--- Exercise inputs ---
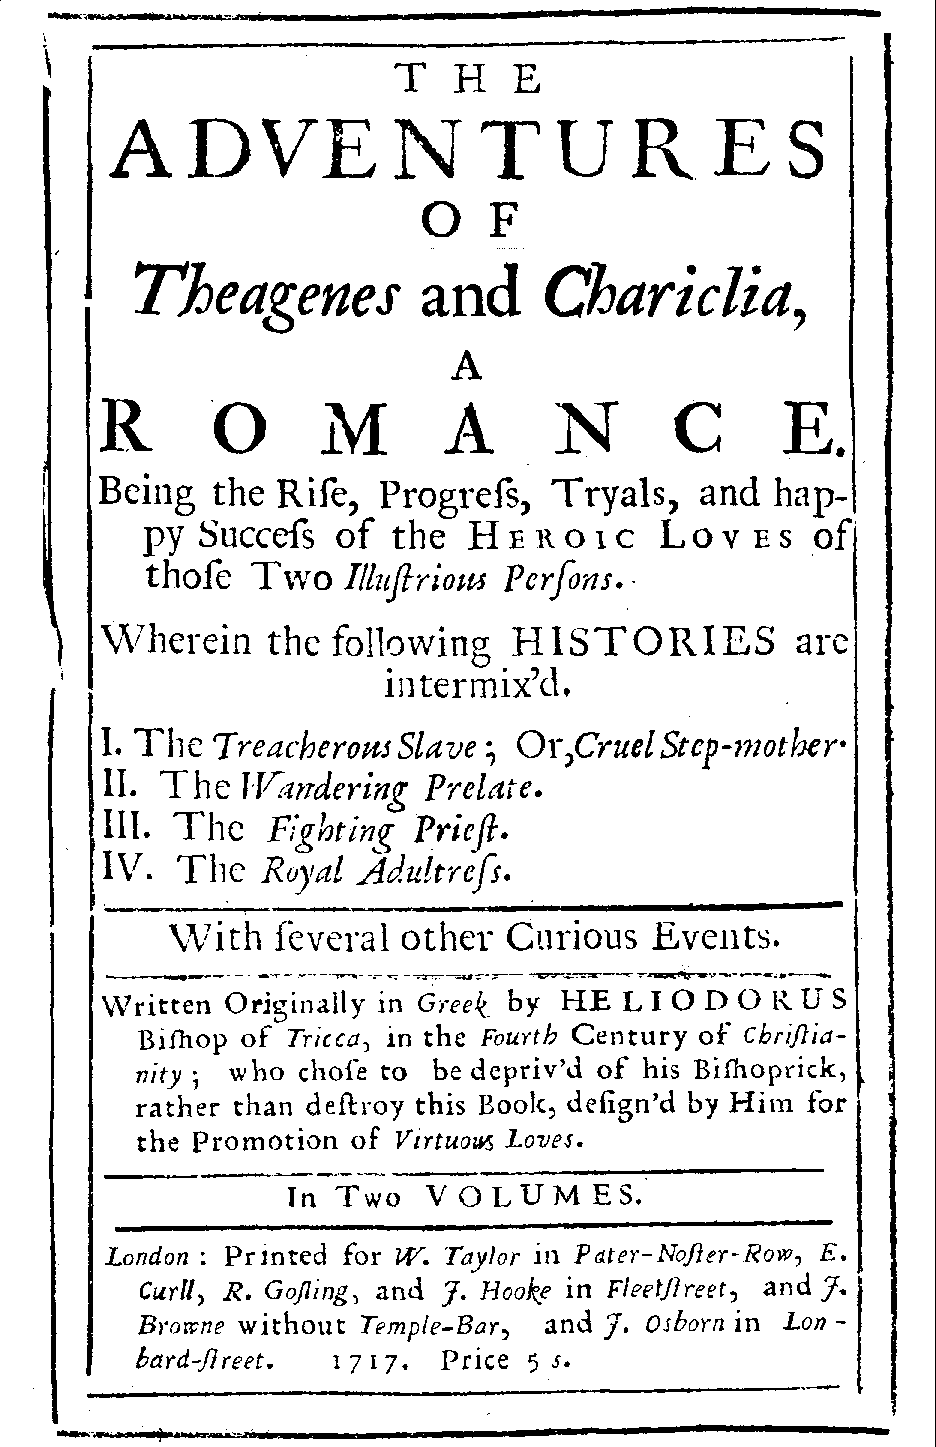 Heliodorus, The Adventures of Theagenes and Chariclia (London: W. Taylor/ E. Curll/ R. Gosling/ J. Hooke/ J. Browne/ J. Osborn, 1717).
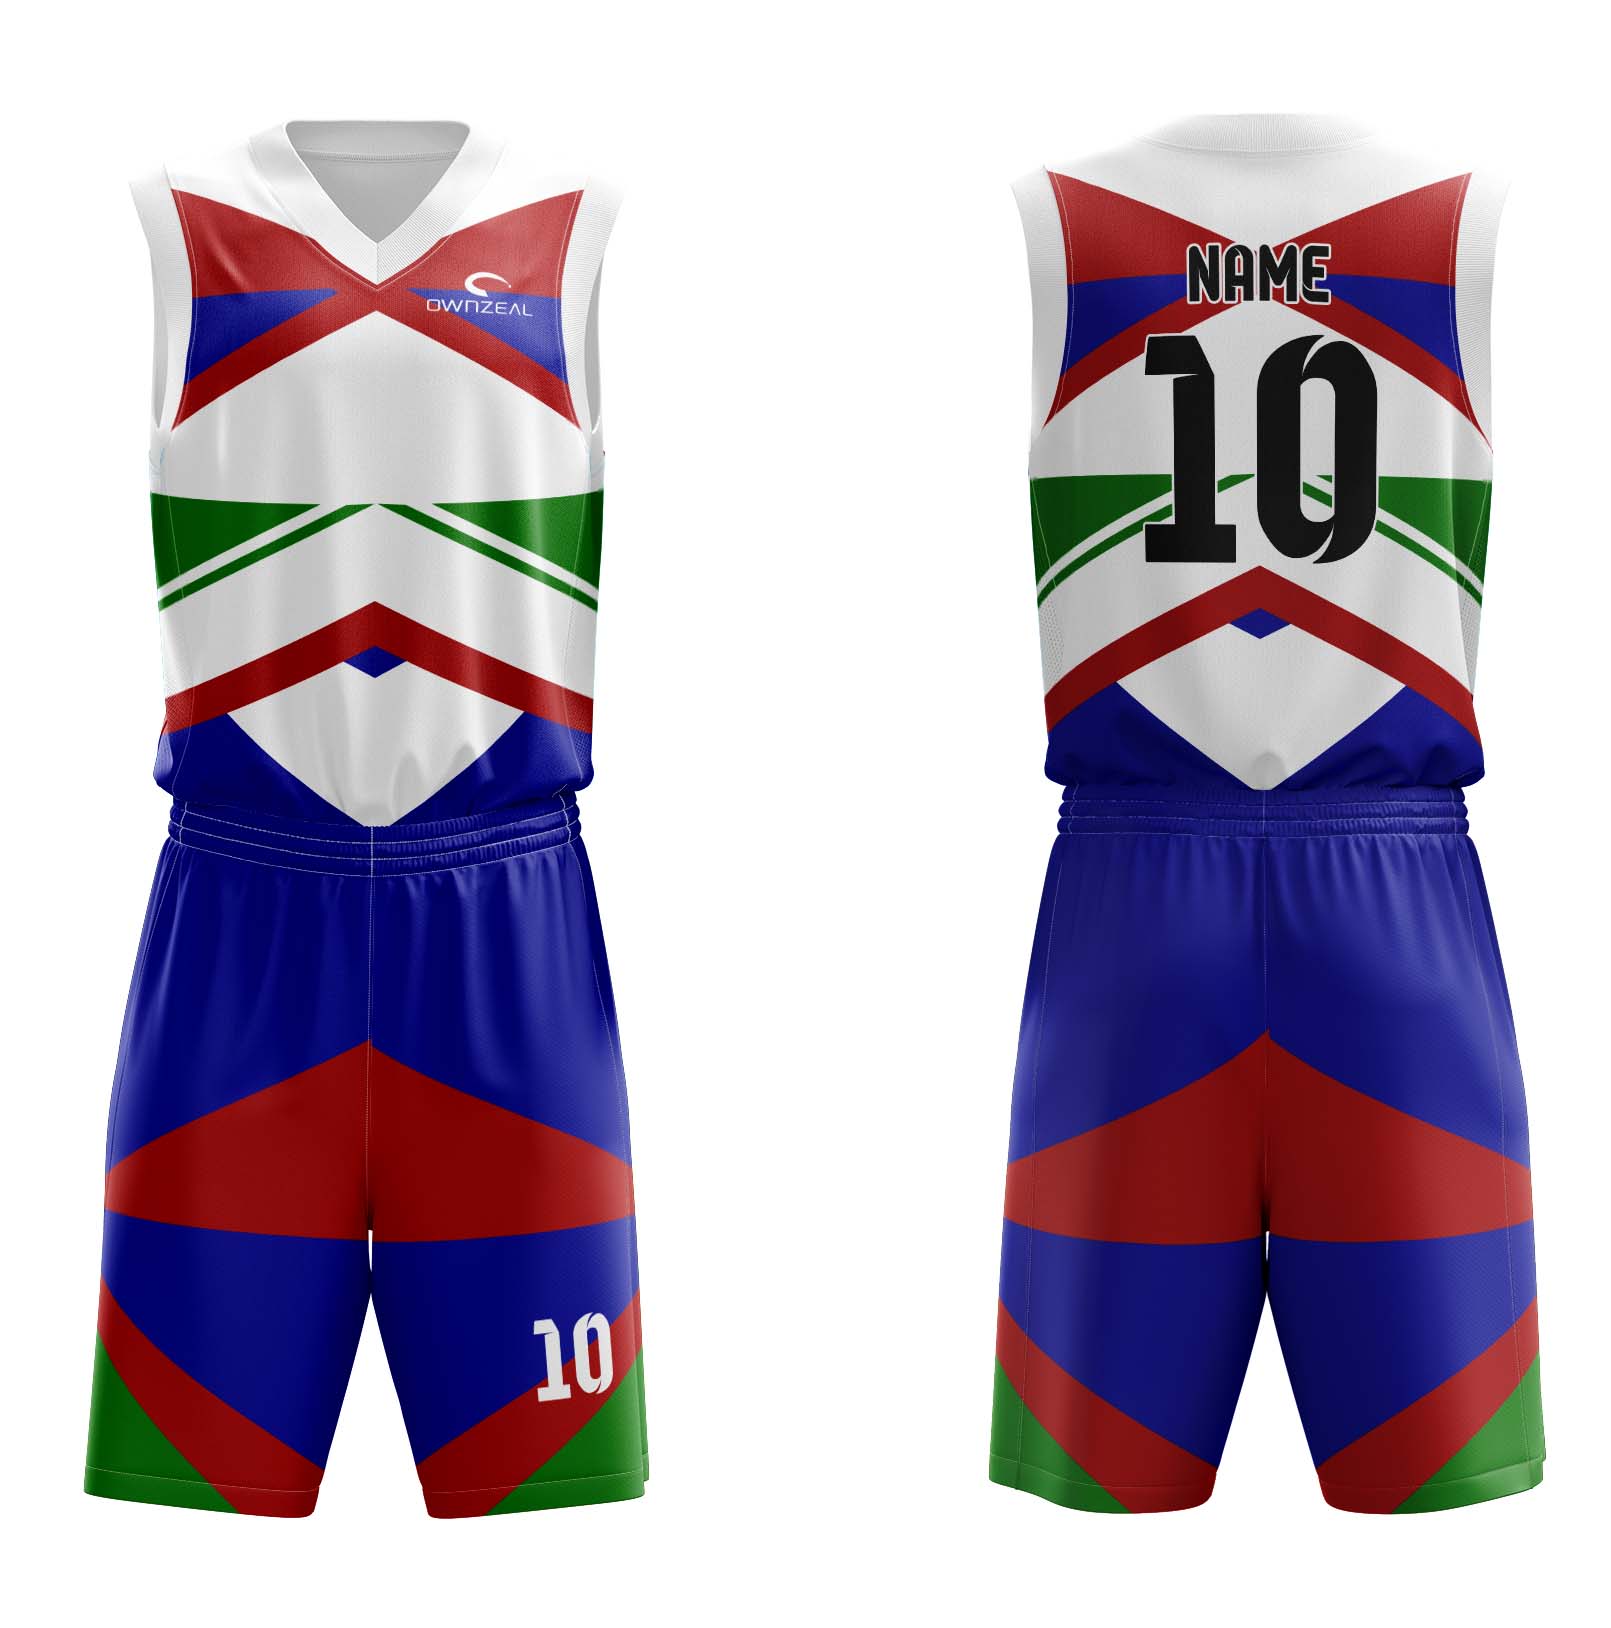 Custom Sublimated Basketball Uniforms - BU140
---
--- Exercise inputs ---
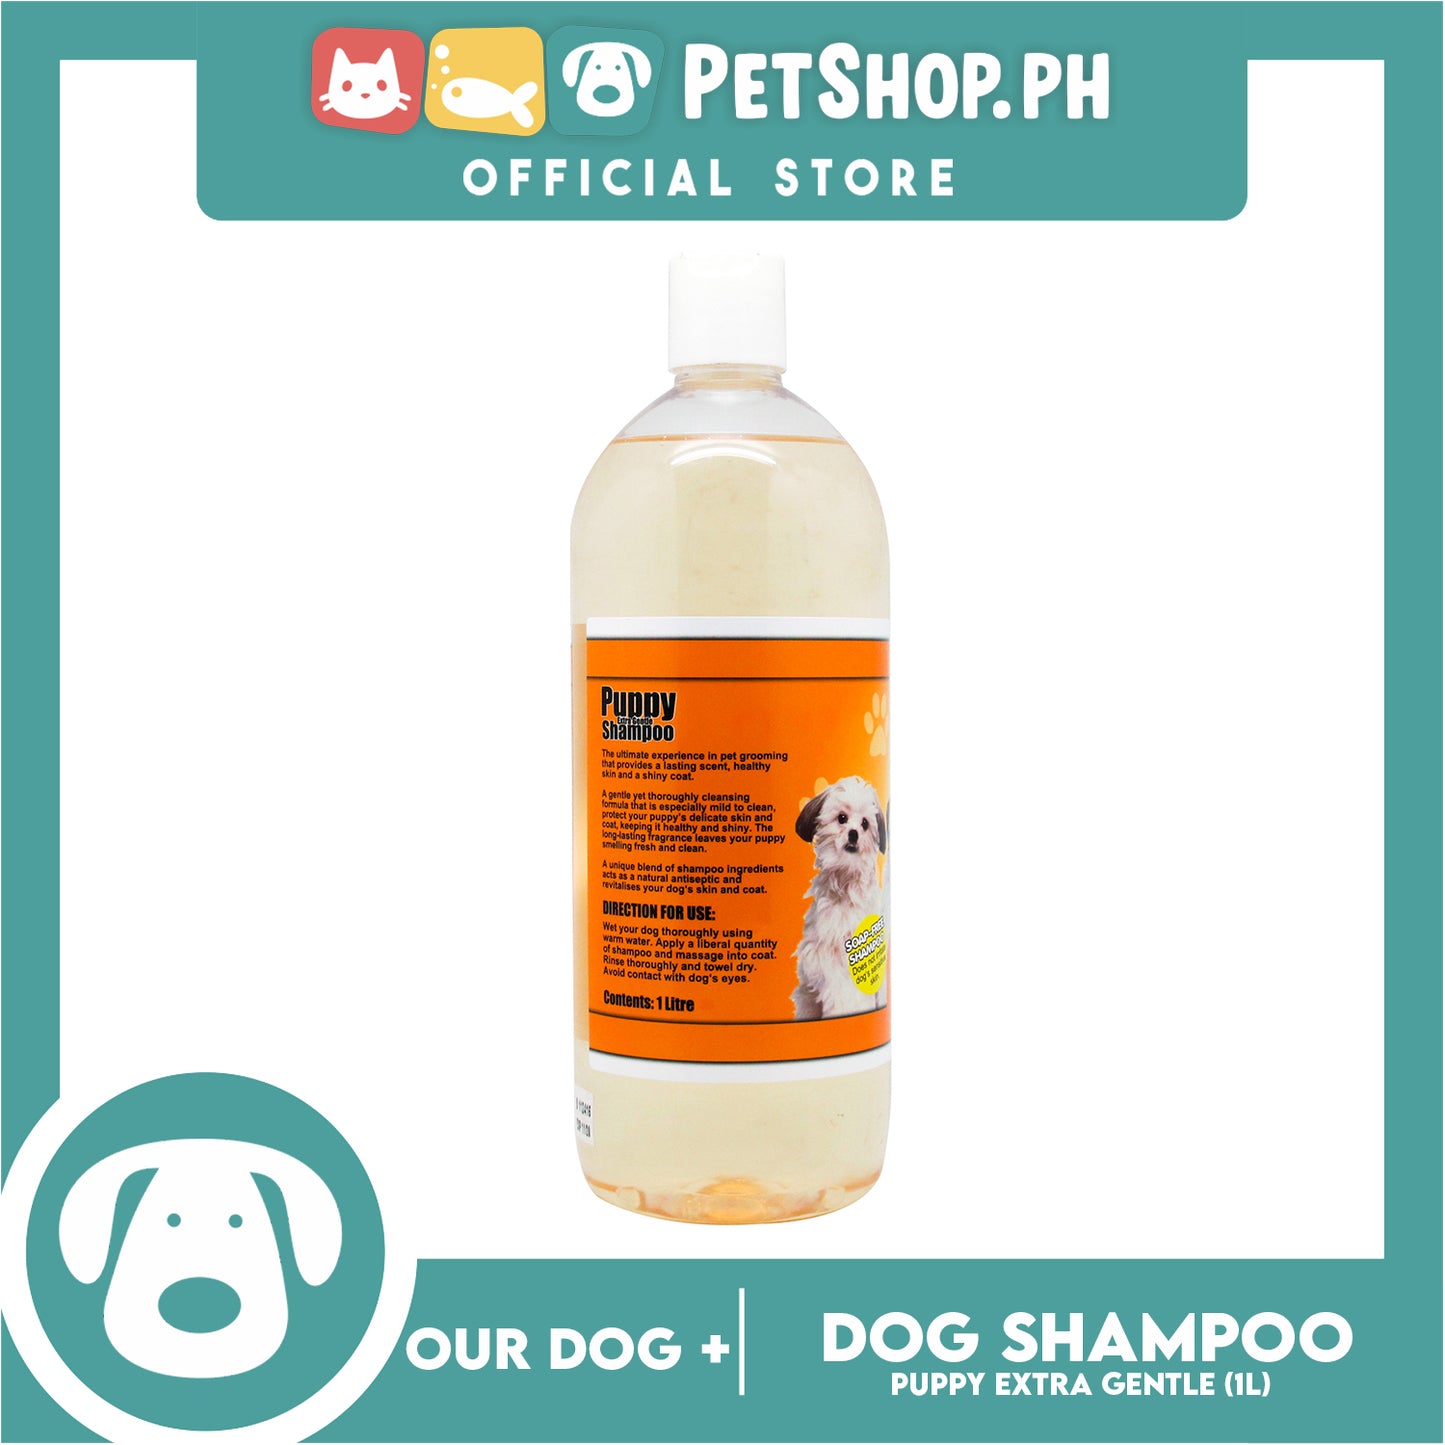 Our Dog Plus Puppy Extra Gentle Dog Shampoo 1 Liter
---
--- Exercise inputs ---
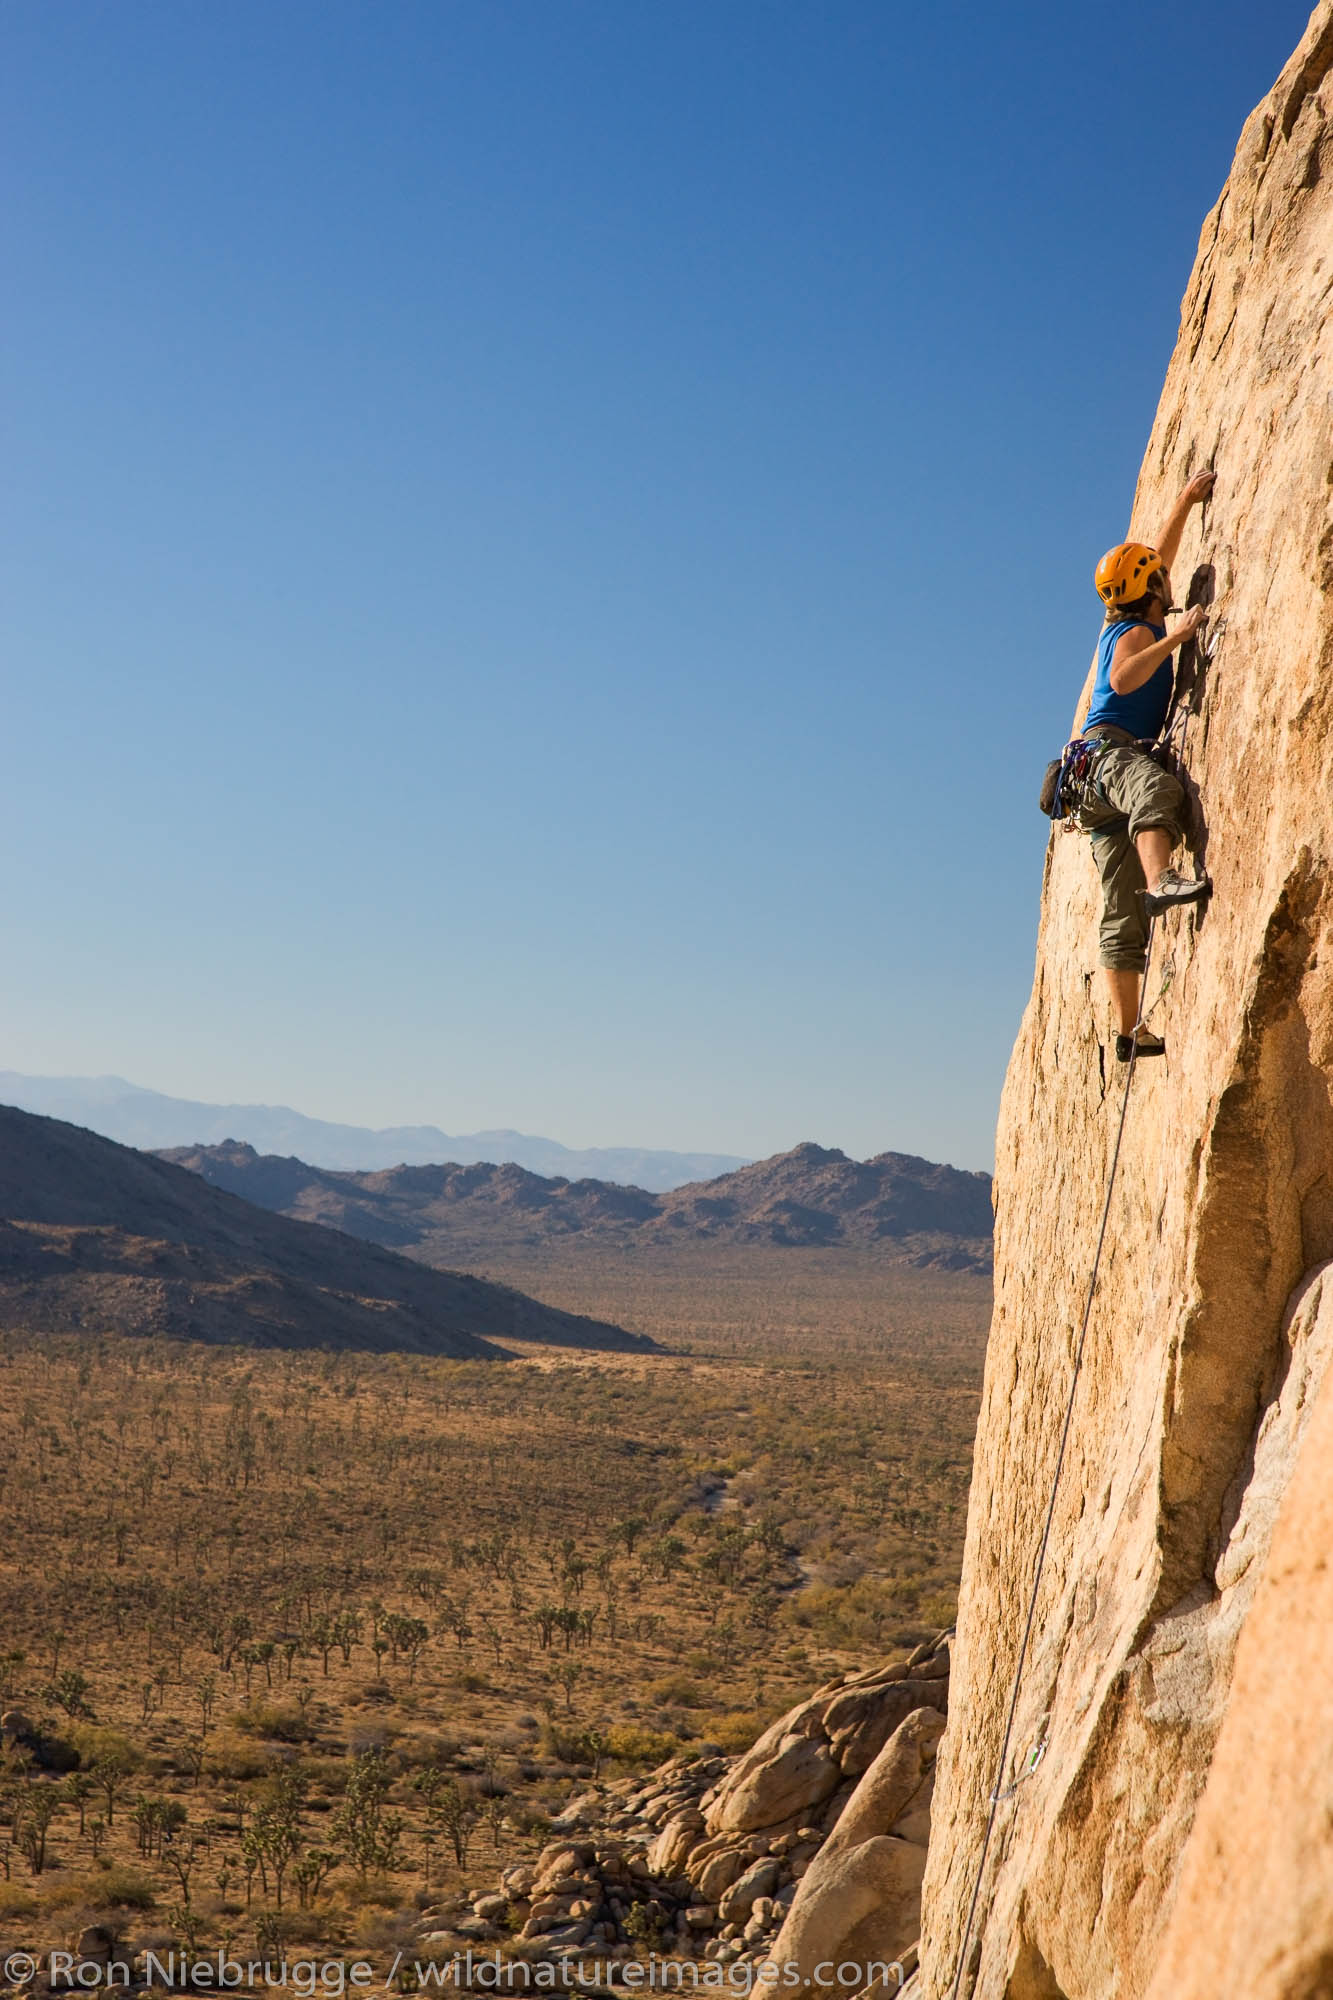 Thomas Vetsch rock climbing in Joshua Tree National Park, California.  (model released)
---
**What the task requires**
Copy back exactly the lines above from the one containing "Heliodorus, The Adventures" through the one containing "Custom Sublimated Basketball", and leave every picture behind.

**Solution below**
 Heliodorus, The Adventures of Theagenes and Chariclia (London: W. Taylor/ E. Curll/ R. Gosling/ J. Hooke/ J. Browne/ J. Osborn, 1717).
 Custom Sublimated Basketball Uniforms - BU140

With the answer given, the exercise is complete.